Shotover House
The Garden

Shotover possesses the rare survival of a formal garden begun around 1718 and completed in the 1730s. A print of c.1750 shows the layout with long avenues and cross walks, many of which still remain. East of the house a series of fish ponds was converted to a single pond and a canal, with a large Gothick Temple closing the vista.

This temple has a battlemented gable with a central pinnacle and a rose window below which is an open loggia of three pointed arches. The corner turrets derive from Hawksmoor’s North Quad at All Souls College of c.1715-40. They have a similar recessed top stage, originally also pinnacled. The architect is unknown but again William Townesend, who also worked at All Souls, is a likely candidate. The alternative suggestion that the architect was James Gibbs, who designed a larger Gothick temple at Stowe, is also quite plausible. If, as seems very likely, this temple was built before James Tyrrell the younger’s death in 1742, it is one of the earliest Gothick garden buildings and thus of great historical importance.

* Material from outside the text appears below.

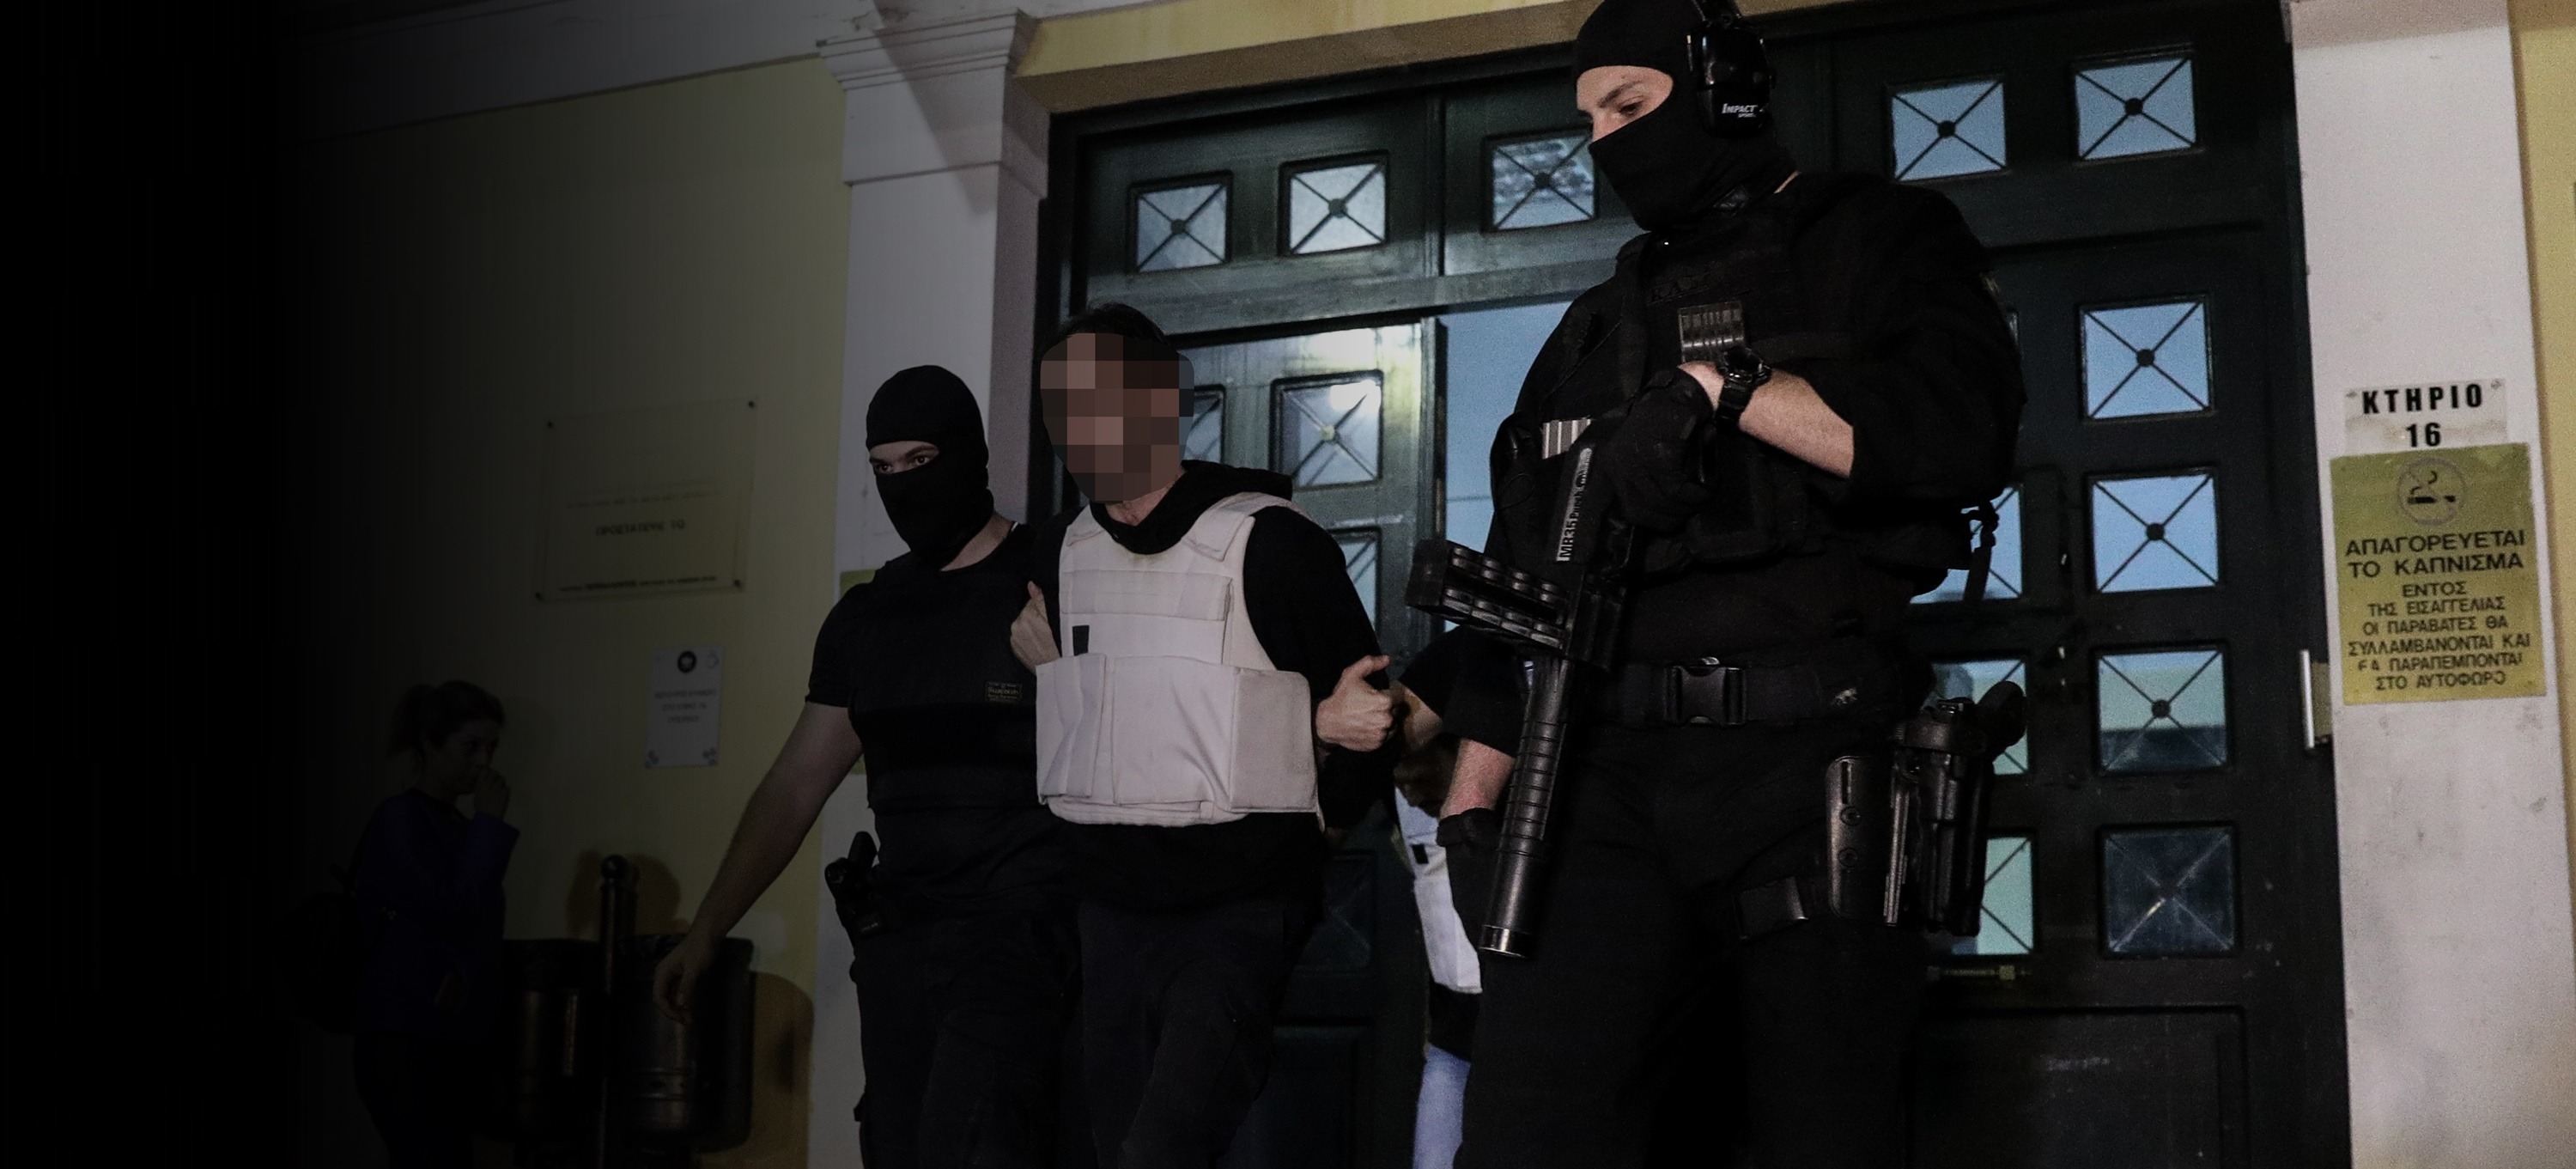 Επαναστατική Αυτοάμυνα: Στον εισαγγελέα με βρισιές οι τρομοκράτες (vid)

In the 1730s William Kent designed a domed octagonal temple, an obelisk and a pond for the garden west of the house. Between them a wooded area with serpentine walks is shown on the mid- eighteenth century print. Kent, who from 1738 was replanning the gardens at Rousham, may have been responsible for this attempt at Shotover to break with formality. He may also have designed the green and white loggia furniture. Kent’s temple was restored during the 1990s. A smaller obelisk on the front lawn was unveiled in 1991 by H.M. The Queen Mother to commemorate her long friendship with Sir John Miller.